Я жил в ее доме, как принц. Испанскому характеру, особенно и условиях южноамериканского изобилия, присуще столь великодушное понимание слова «гостеприимство», что я позволил себе, всячески выказывая со своей стороны учтивость и любезность, во многом уступать радушию доньи Хуаны. Во-первых, все в доме—слуги, лошади, припасы — было в моем распоряжении. Затем, если я восхищался чем-либо, принадлежавшим ей — любимым пони, богатой филигранью, отборными ньяндути[140]или упряжкой красивых мулов, — она принуждала меня принять это в подарок. Так, однажды утром раб принес мне в комнату золотую табакерку, которую я накануне похвалил, а стоило мне как-то раз полюбоваться бриллиантовым колечком, его положили мне на стол с такой запиской, что отказаться от него было невозможно. В доме не готовили ни одного блюда, не удостоверившись, что оно мне нравится, и, хотя я всеми возможными средствами пытался как-то отплатить донье Хуане за ее любезность и в то же время показать, что она меня стесняет, все мои усилия оказывались тщетными.

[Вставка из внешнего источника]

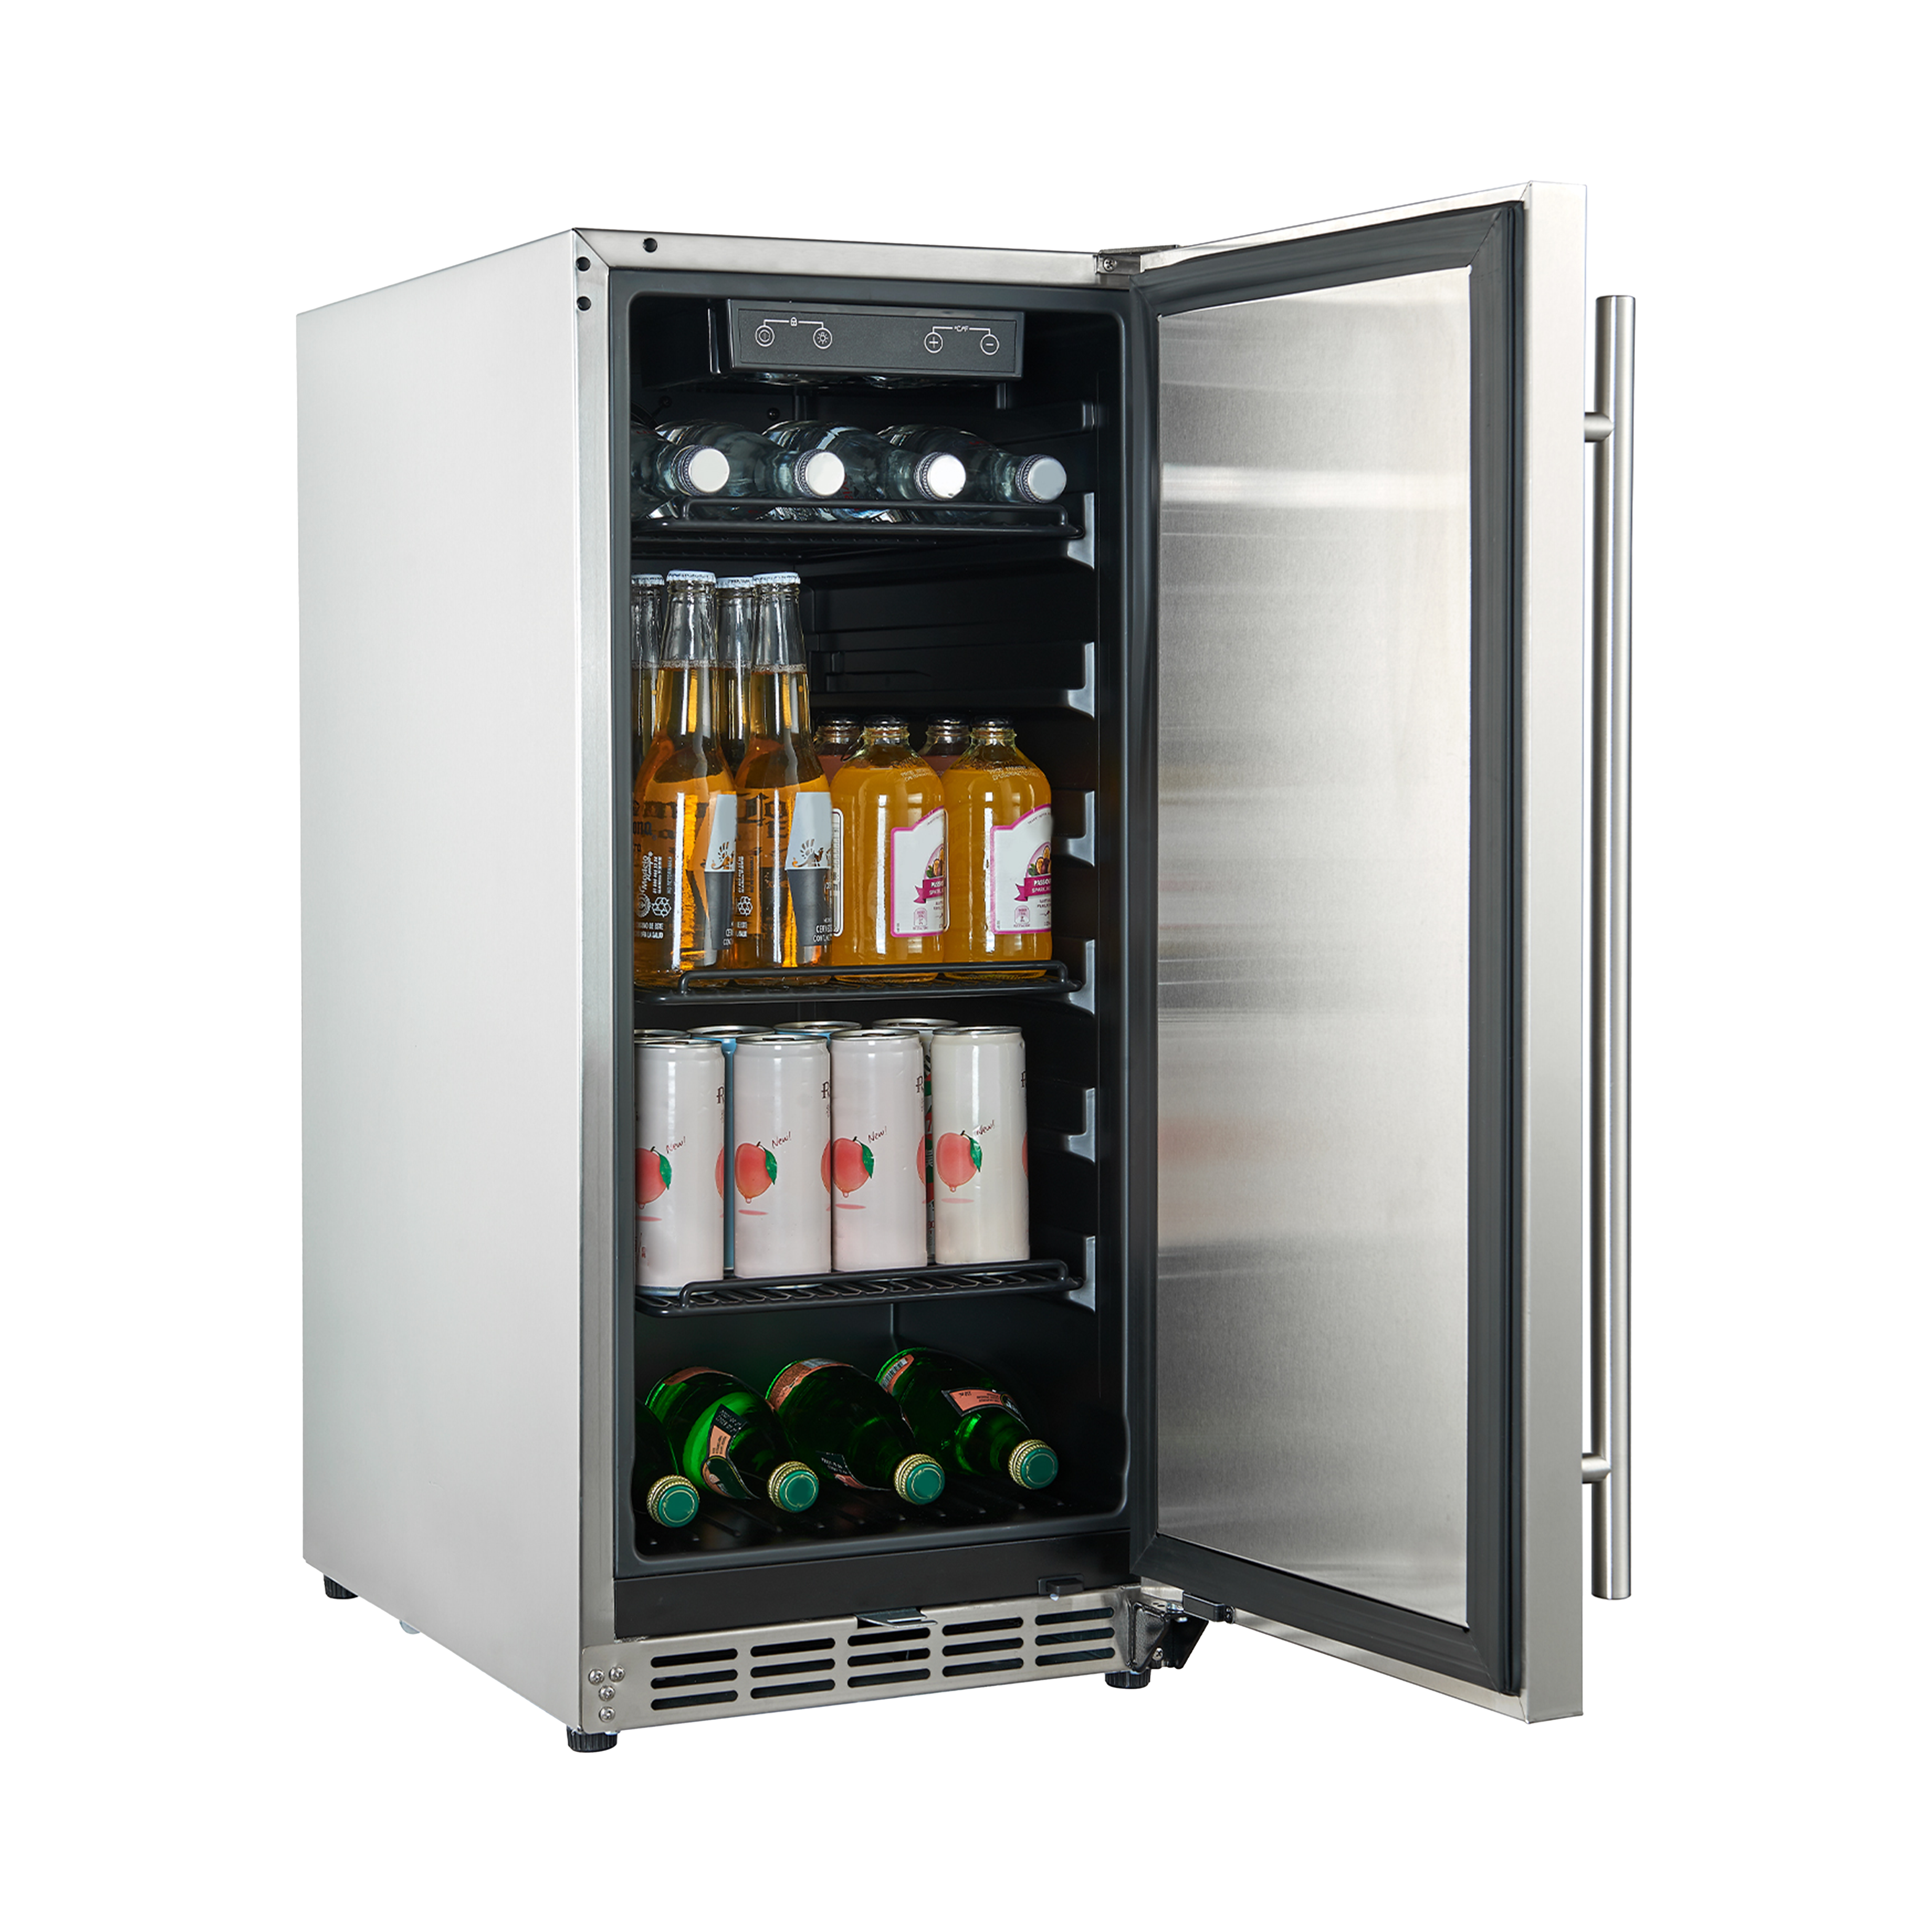 Side view of a 3.2 Cu Ft Undercounter Beverage Outdoor Refrigerator with the door open, displaying a digital temperature control panel and filled with beverage bottles.

Я уже собирался поэтому покинуть жилище, где нашел чрезмерно радушный прием, как вдруг произошло одно происшествие, хотя и неправдоподобное, но тем не менее подлинное. Оно изменило, а в дальнейшем поставило на лучшую основу мои отношения с этой странной женщиной.
Мне нравились жалобные песни, которые поют парагвайцы под аккомпанемент гитары. Донья Хуана это знала, и, к моему великому удивлению, однажды вечером, вернувшись из города, я застал ее в обществегитариста, под руководством которого она пыталась своим надтреснутым голосом петь тристе[141]и своими костлявыми желтыми, сморщенными пальцами аккомпанировать себе на гитаре. Мог ли я при этом зрелище старческого слабоумия не улыбнуться насмешливо, задев за живое чувствительную даму? «Боже мой, — сказал я, — как вы можете спустя четырнадцать лет после того, как, согласно естественным законам, должны были бы сойти в могилу, делать себя мишенью для насмешек врагов и предметом сострадания для друзей?»
Это восклицание, хотя и обращенное к даме восьмидесяти четырех лет, признаюсь, не было галантным, ибо какая женщина может снести упрек, затрагивающий ее возраст?